Il y avait des Aiels partout, bien sûr. Grands et réservés, dans des tons de gris, de brun et de vert, seul le bandeau écarlate noué sur leur front leur donnait une touche de couleur, avec le disque blanc et noir entre les deux yeux. Ils se donnaient le nom de siswai’aman. Parfois, ce nom titillait sa mémoire, comme un mot qu’il aurait dû connaître. Posez la question à un Aiel, et il vous regardait comme si vous étiez débile. Aucune Vierge de la Lance ne portait le bandeau écarlate. Qu’elle ait les cheveux blancs ou l’air à peine assez grande pour quitter sa mère, chaque Vierge circulait en gratifiant les siswai’amans de regards de défi assez satisfaits, que les hommes leur rendaient sans ciller, émettant une odeur ressemblant à celle de la faim, certainement la jalousie, mais jalousie de quoi, Perrin n’en avait aucune idée. Quoi que ce fût, ce n’était pas nouveau, et ils avaient peu de chances d’en venir aux coups. Quelques Sagettes étaient également à l’intérieur des chariots, en jupes volumineuses et blouses blanches, portant leurs châles noirs malgré la chaleur, bracelets et colliers d’or et d’ivoire scintillants compensant la simplicité du reste de leur tenue. Certaines semblaient amusées par les Vierges et les siswai’amans, d’autres exaspérées. Tous et toutes – Sagettes, Vierges et siswai’amans – ignoraient les shaidos comme Perrin aurait ignoré un tabouret ou un tapis.

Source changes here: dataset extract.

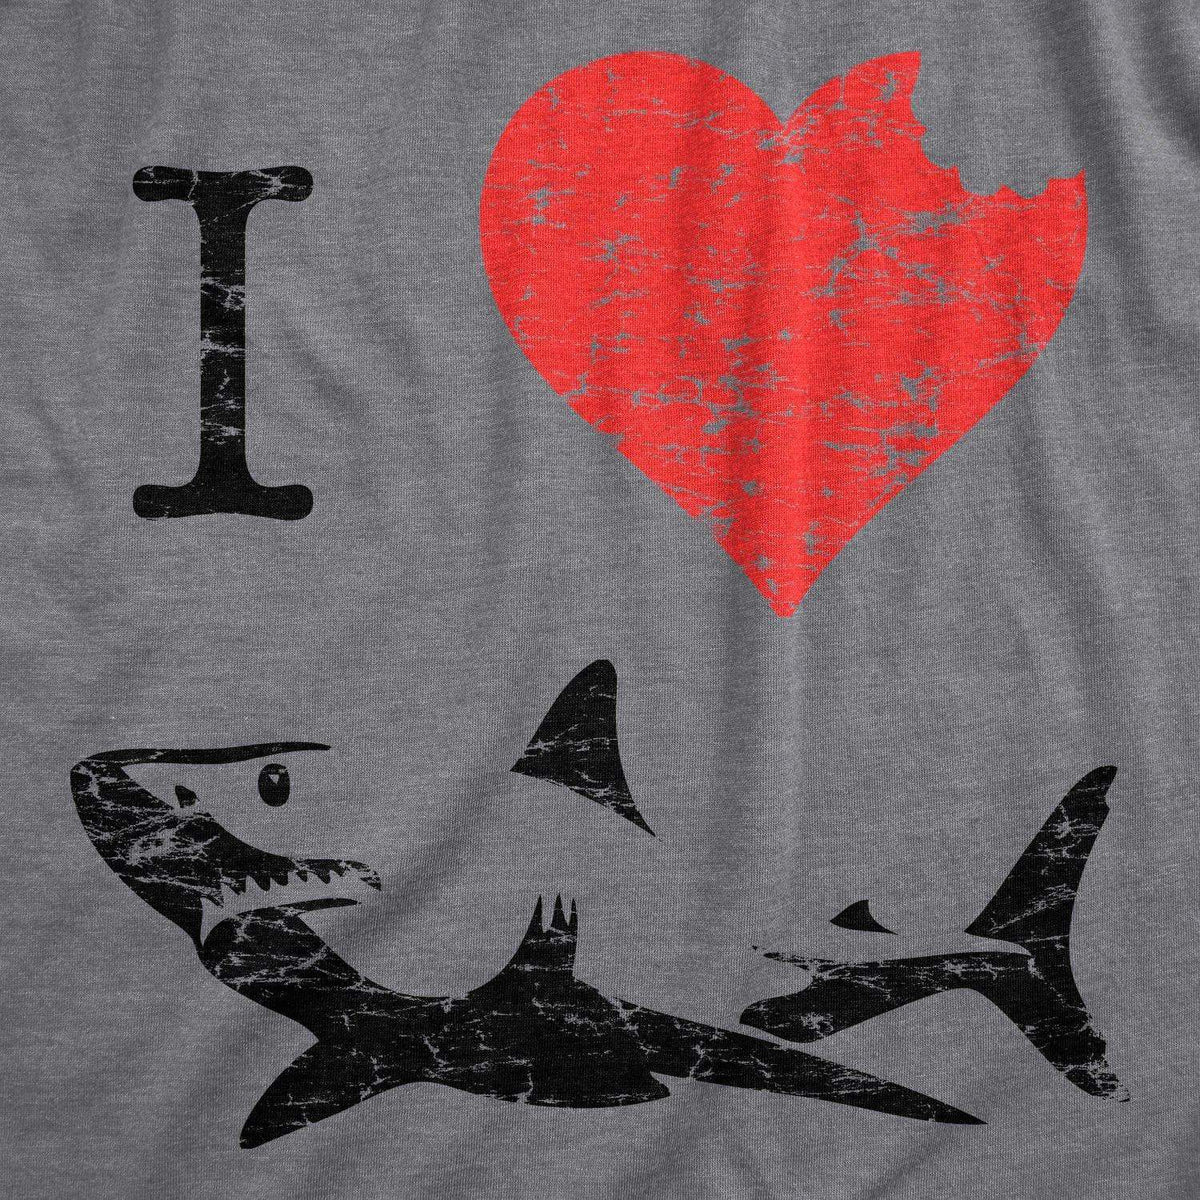 I Love Sharks Youth Tshirt  -  Crazy Dog T-Shirts

Hier, les Aiels avaient fait prisonniers environ deux cents shaidos, hommes et Vierges – ce qui était peu, vu leur nombre – et ils circulaient librement. Enfin, façon de parler. Perrin aurait été bien plus à son aise s’ils avaient été gardés. Et habillés. Au lieu de cela, ils allaient puiser de l’eau et faisaient les commissions, nus comme au jour de leur naissance. Entre eux, ils étaient doux comme des agneaux. Tous les autres se voyaient gratifiés d’orgueilleux regards de défi. Perrin n’était pas le seul à s’efforcer de ne pas les remarquer, et Aram n’était pas le seul à grommeler. Une bonne partie des hommes des Deux Rivières présents au camp faisaient de même. Une bonne partie des Cairhienins manquaient d’avoir une crise d’apoplexie chaque fois que leur regard tombait sur un Shaido. Les Mayeners se contentaient de branler du chef, comme si c’était une bonne blague. Et ils lorgnaient les femmes. Ils avaient aussi peu de pudeur que les Aiels.